Tue, Aug 18, 2015 - Page 8 News List

Beijing and its evolving strategy on Taiwan

By Chen Wei-chung 陳偉忠

On Friday, prompted by People First Party Chairman James Soong’s (宋楚瑜) statement that he had been invited to attend a military parade in Beijing on Sept. 3 to mark the end of the Second Sino-Japanese War, Taiwan Affairs Office Minister Zhang Zhijun (張志軍) said that China would not interfere in Taiwan’s elections. This should put an end to Soong’s statements in the media that he has been invited to attend the event. This development also indicates how much more flexible the United Front Work Department’s Taiwan strategy has become.

First, it should be made clear that the ultimate goal of all China’s leaders has been to annex Taiwan and “unify” China. From the war of words across the Taiwan Strait to China’s promulgation of the “Anti-Secession” Law in 2005, China has clearly indicated that unification would be carried out by peaceful or military means, and earlier this year it promulgated the National Security Law, which unilaterally places Taiwan at the same level as Hong Kong and Macau and stipulates that Taiwan has a shared duty to protect national sovereignty, unity and territorial integrity.

When meeting with Zhang for the first time in May, Mainland Affairs Council Minister Andrew Hsia (夏立言) said that the law was “very inappropriate,” and although the council issued a press release saying that “our government once again states its displeasure” with the fact that China’s National People’s Conference voted to pass the law, the council still arranged a second meeting between Hsia and Zhang scheduled for next month or October, this time in China. China is holding a knife to Taiwan’s throat, but officials in President Ma Ying-jeou’s (馬英九) administration think they have made the appropriate arrangements and are proceeding cautiously. They are convinced that Beijing plans to intervene in next year’s elections, only this time they judge it will do it in ways that are more “in step with the times.”

Second, why is China’s behavior so inconsistent, and why is it now opposing Soong’s attendance at the Sept. 3 parade? To be blunt, when Soong met with Chinese President Xi Jinping (習近平) last year, he responded to Xi’s “four noes” with his own “four understandings.” Soong has now told reporters that if he has the chance to meet with Chinese leaders again, he “will find the opportune time to once again speak up for Taiwan.”

The reason for the sudden retraction of Soong’s invitation could well be that China cannot be sure what Soong plans to say.

The same concern is probably the reason why talk about the two sides exchanging liaison offices has quietened down. This is of course the result of the Chinese assessment that if Taiwan sets up a liaison office in Beijing, the Chinese public would not find that particularly strange.

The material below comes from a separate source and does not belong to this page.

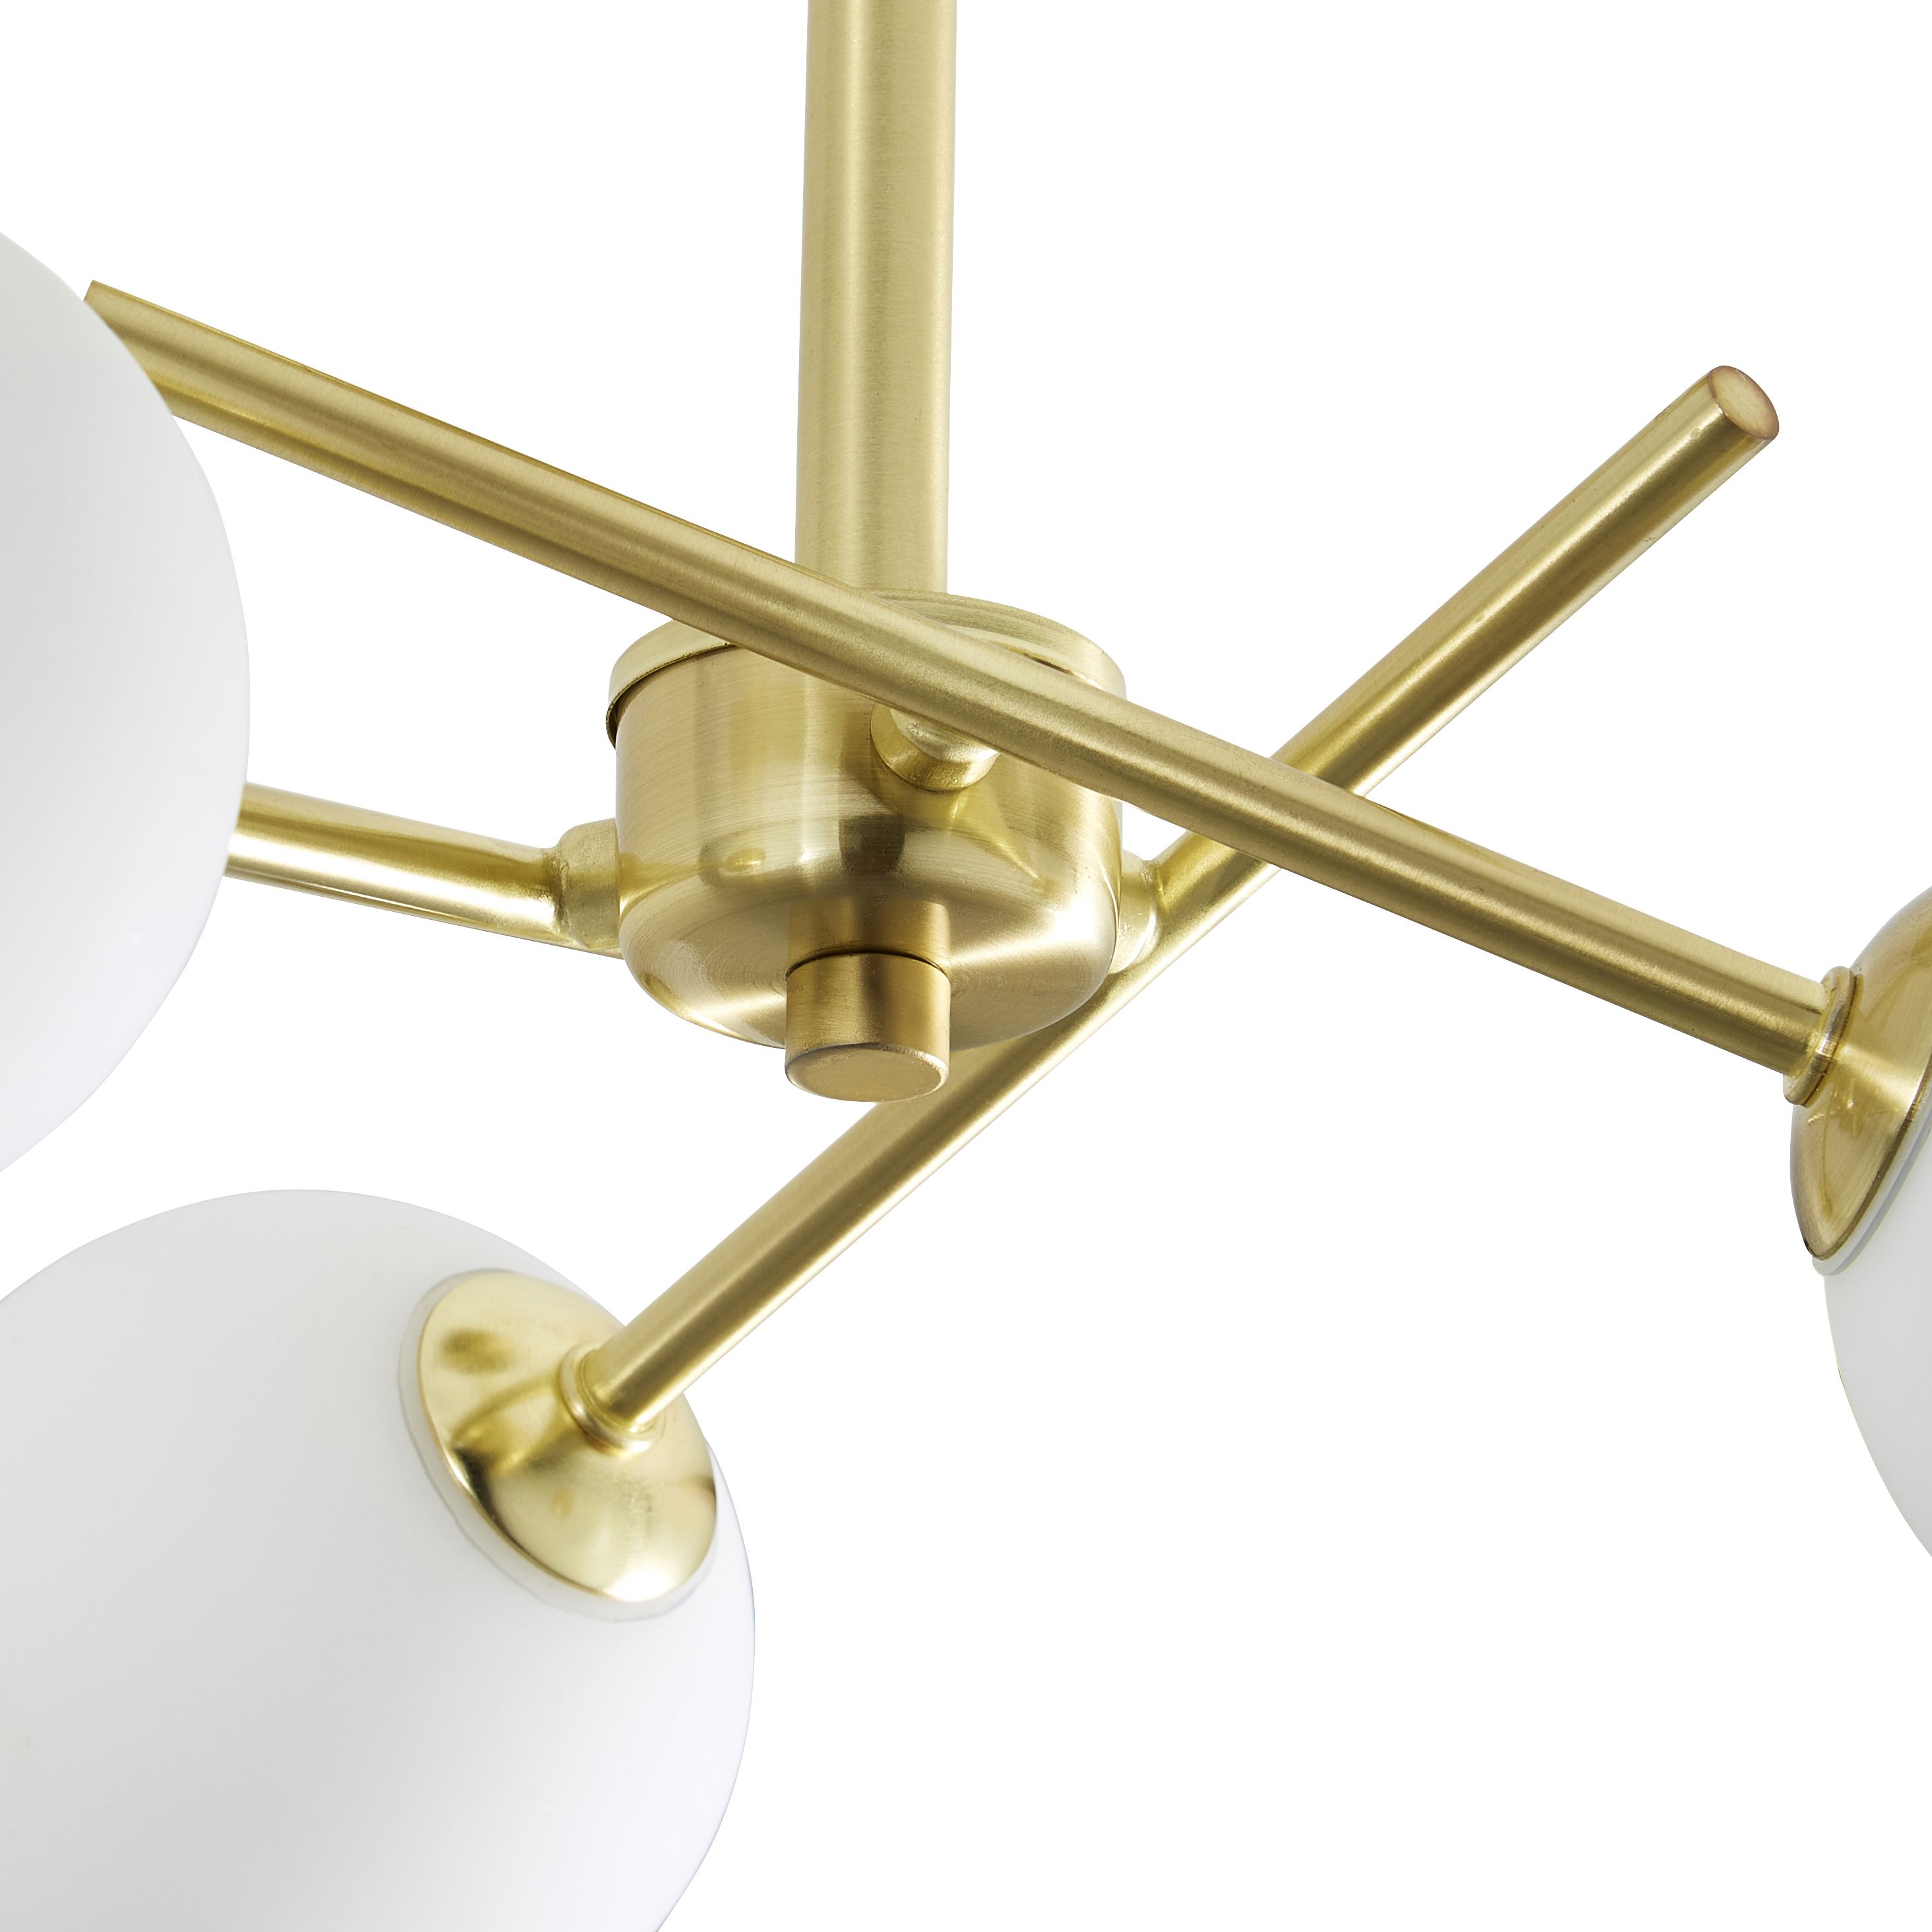 Spa Avalon Brushed Satin Steel satin brass effect 3 Lamp LED Bathroom ceiling light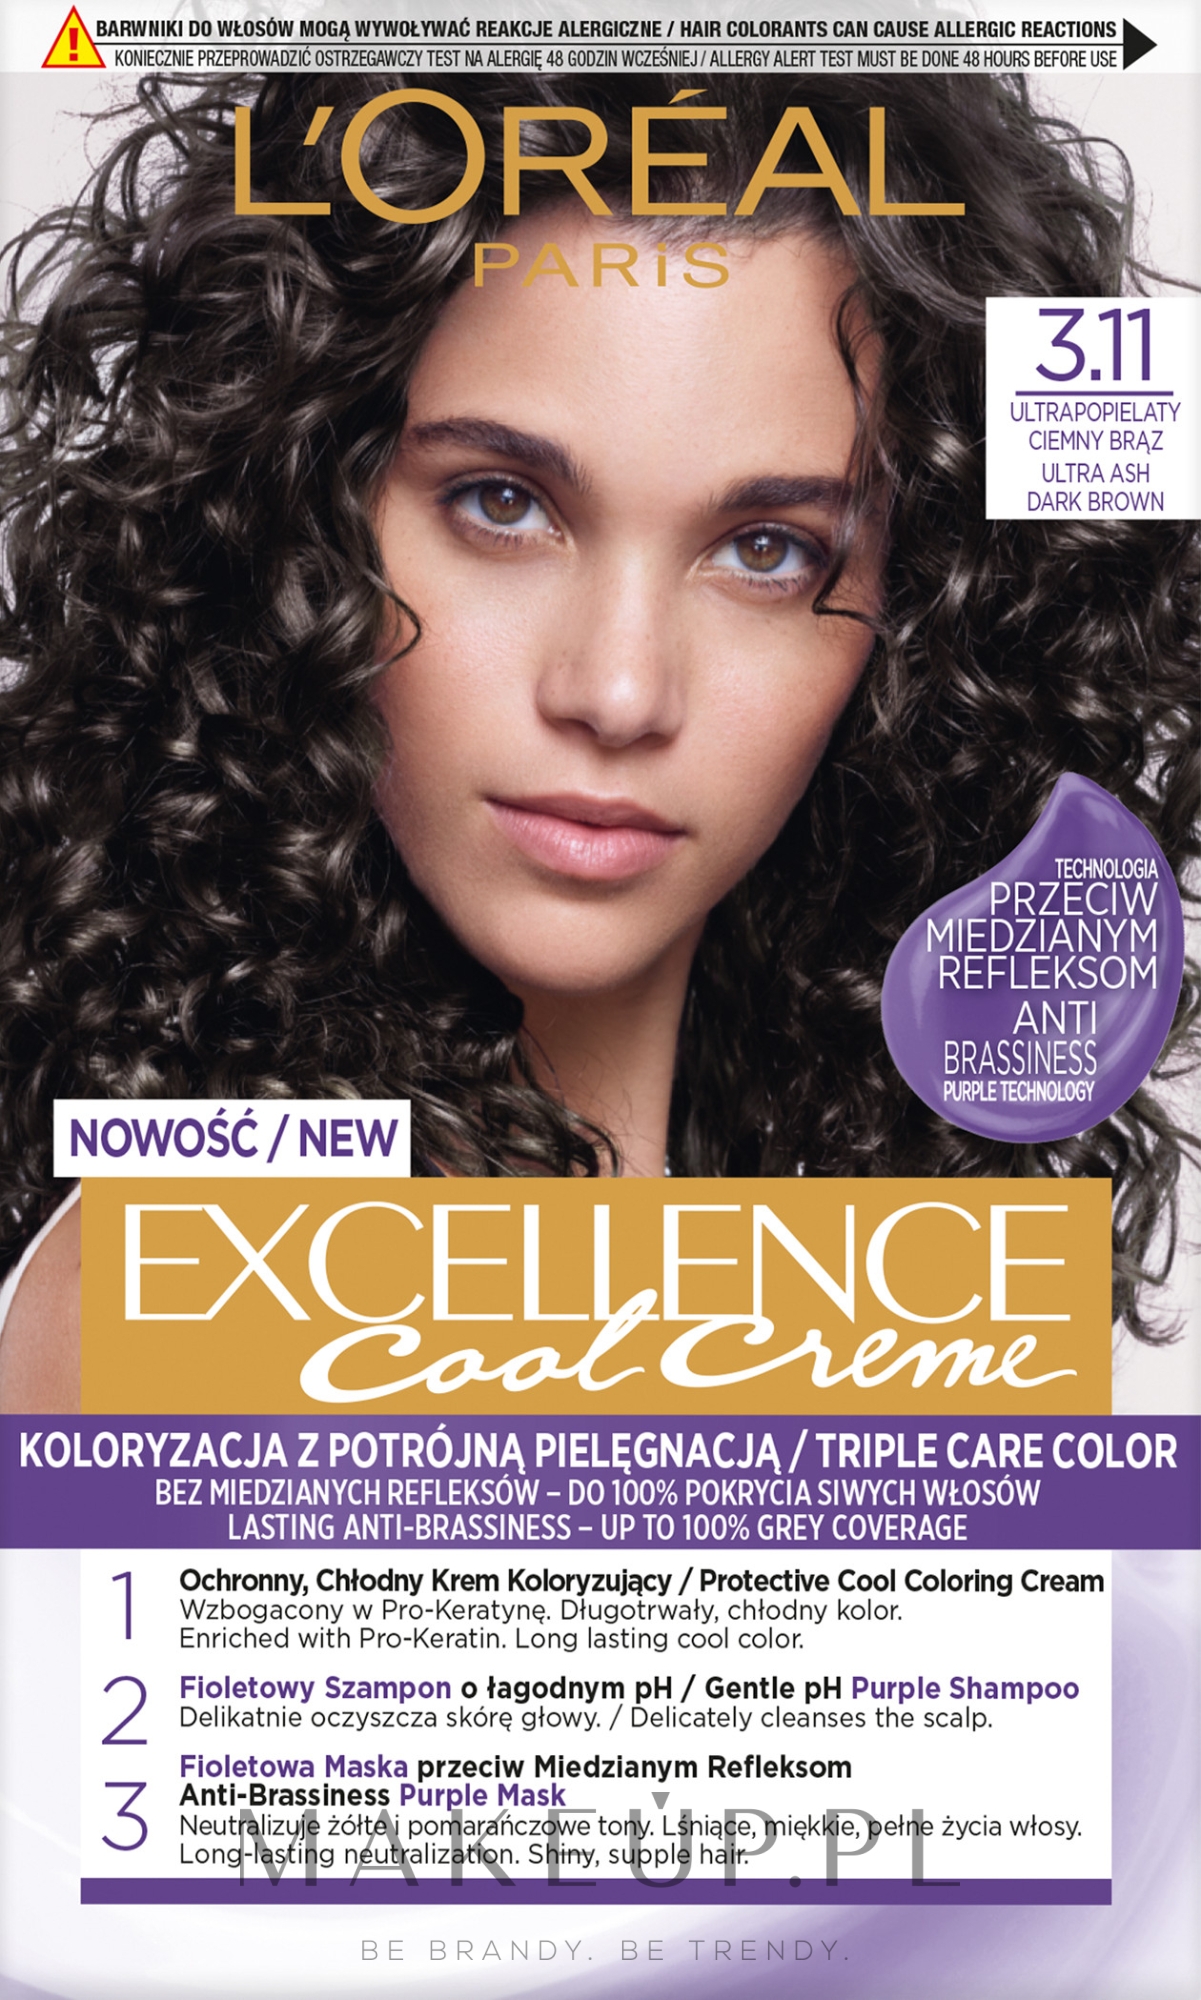 L'Oréal Paris Casting Creme Gloss Farba do włosów dla kobiet 48 ml

However, if Beijing sets up a liaison office in Taiwan, and if protests ensue, would that not imply that Taiwan and China are two separate countries? It is, of course, important that China’s Ministry of Commerce in June set up a Taipei office for the Association of Economy and Trade Across the Taiwan Straits. With that, China has now achieved what it wants and feels it unnecessary to risk this greater achievement by insisting on the less important official liaison office.

Finally, the question is if the winner in next year’s presidential election is set to serve until 2020 or win reelection and remain in office until 2024. Compare this to Xi, whose first term in office expires in 2017, and, judging from precedent, will be extended until 2022. Xi has time to deal with Taiwan, but for Taiwan, who wins the presidential election will have a direct bearing on Taiwan’s future.